How Nutrola Eliminates Tracking Errors
The most common cause of stalled weight loss is inaccurate tracking. Nutrola addresses this at the database level. Every single food entry in Nutrola's 1.8 million item database is nutritionist-verified — no user-submitted guesses, no duplicates with conflicting data, no outdated entries.
When you scan a barcode, search for a food, snap a photo, or log by voice, you get data that has been reviewed by a nutrition professional. This eliminates "wrong database entry" as a variable and gives you confidence that your logged calories reflect reality.
The app also makes logging fast enough that you are less likely to skip entries. Photo AI, voice logging, and barcode scanning mean most meals take under 15 seconds to log. Available on iOS and Android for €2.50 per month with no ads.
Frequently Asked Questions
How long should I wait before deciding my diet is not working?
Give any new calorie target at least three to four weeks before making changes. Weight fluctuates day to day due to water, sodium, digestion, and hormones. Only weekly averages over multiple weeks reveal the true trend. If your weekly average has not dropped after four weeks of consistent tracking, it is time to troubleshoot.
Should I eat less or exercise more to break a plateau?
Either works, but reducing intake by 100-200 calories is generally easier and more reliable than adding exercise. Exercise burns fewer calories than most people think (a 30-minute jog burns roughly 250-350 calories), and people tend to unconsciously eat more after exercise. If you are already at a low calorie intake, increasing activity (especially daily steps) is the better option.

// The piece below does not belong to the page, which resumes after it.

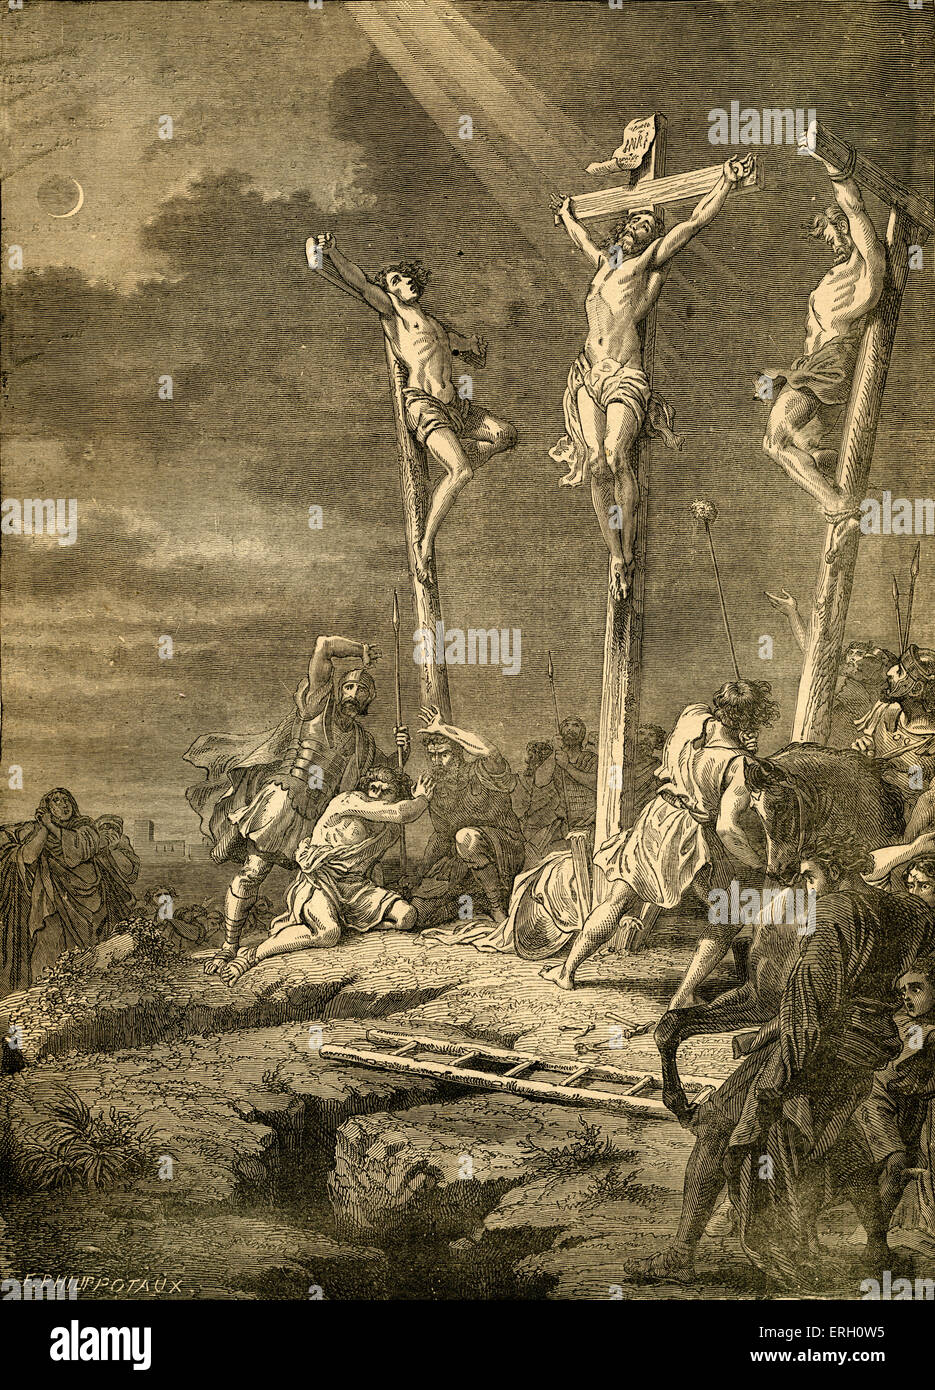 La crocifissione di Gesù Cristo, Matteo XXVII. Da Cassell illustrata della Bibbia in famiglia. Incisione di F. Philippotaux. Foto Stock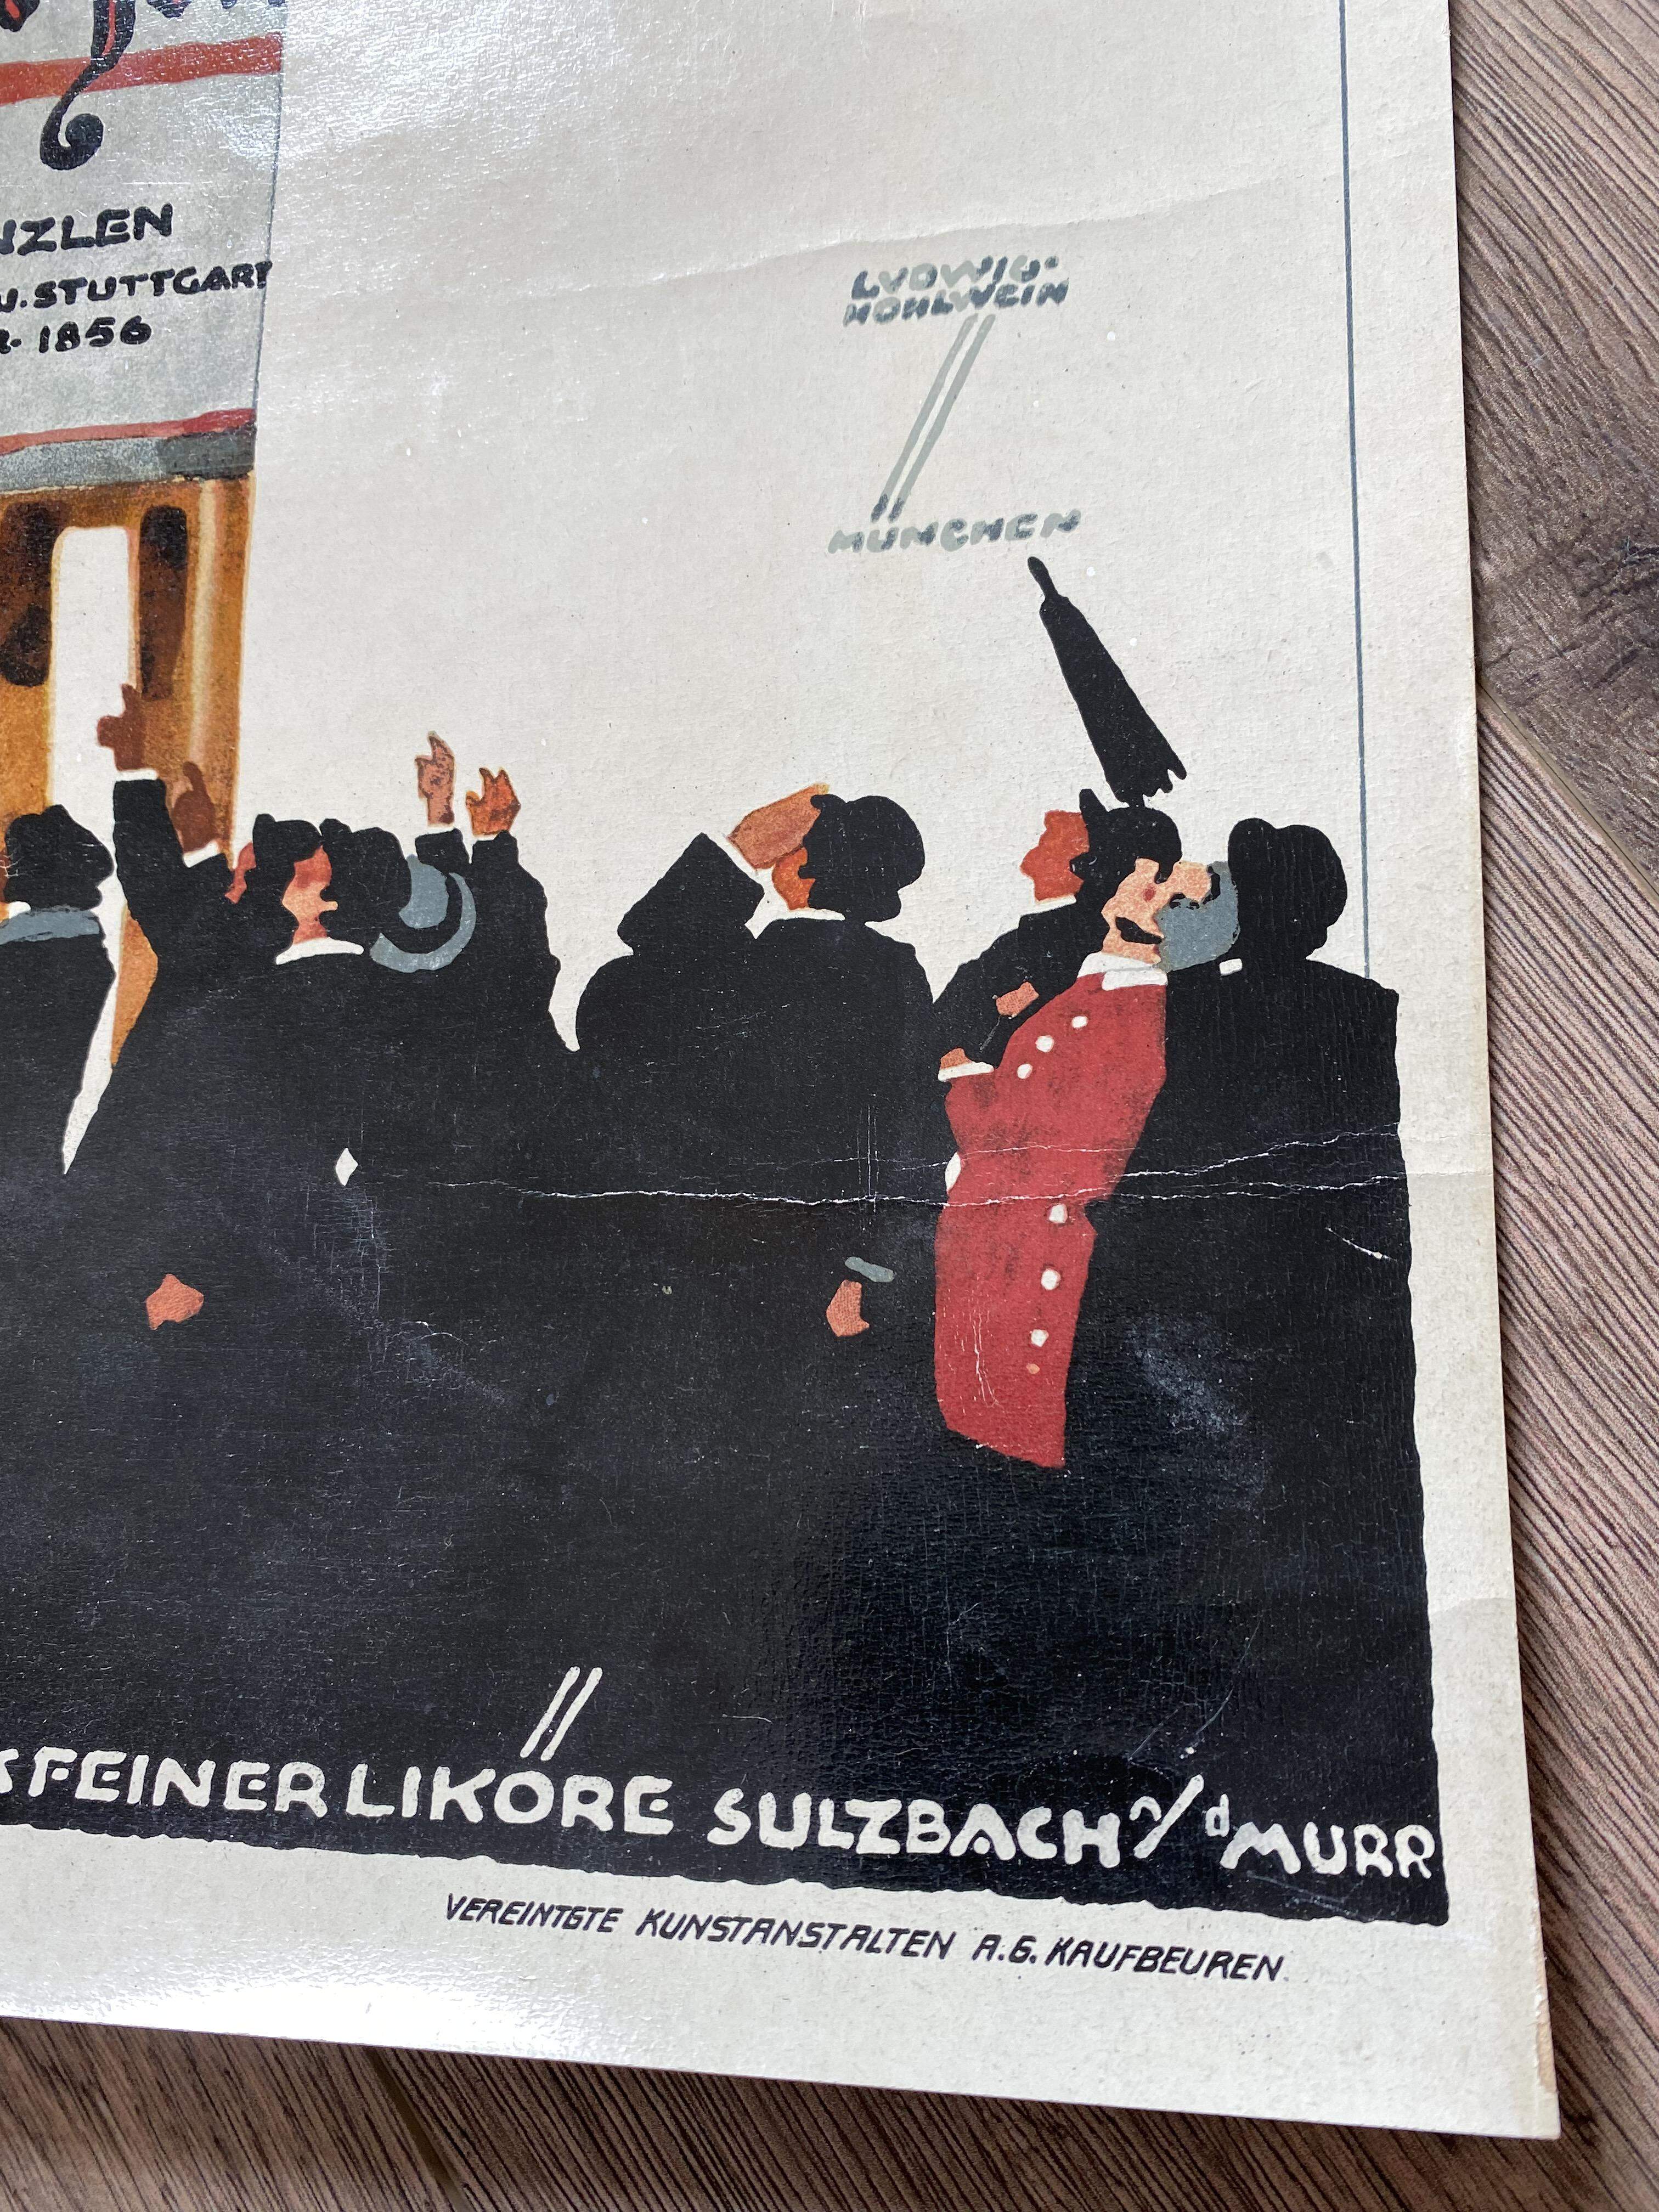 Altes Plakat Küenzlen Weinbrand Ludwig Hohlwein um 1950

Can stress really stop weight loss?
Stress does not stop fat loss directly, but it can mask it. High cortisol from chronic stress increases water retention, which can hide fat loss on the scale for weeks. Stress also increases cravings, disrupts sleep, and can lead to untracked eating. Address stress management and sleep quality alongside your nutrition plan.
Why do I lose weight fast at first and then stop?
The initial rapid weight loss is mostly water. When you reduce calorie intake (especially carbs), your body releases stored glycogen along with the water bound to it. This can produce 1-3 kg of "loss" in the first week that is not fat. After that, fat loss proceeds at the expected rate of 0.25-0.5 kg per week for a 300-500 calorie deficit.
Is it possible that I am not eating enough and that is why I am not losing weight?
This is a popular claim but physiologically inaccurate. Your body cannot create energy from nothing. If you are in a true calorie deficit, you will lose weight. However, eating too little can cause excessive hunger, binges, poor tracking, metabolic adaptation, and muscle loss — all of which make the process harder and less sustainable. A moderate deficit (300-500 calories) is both more effective and more maintainable than an extreme one.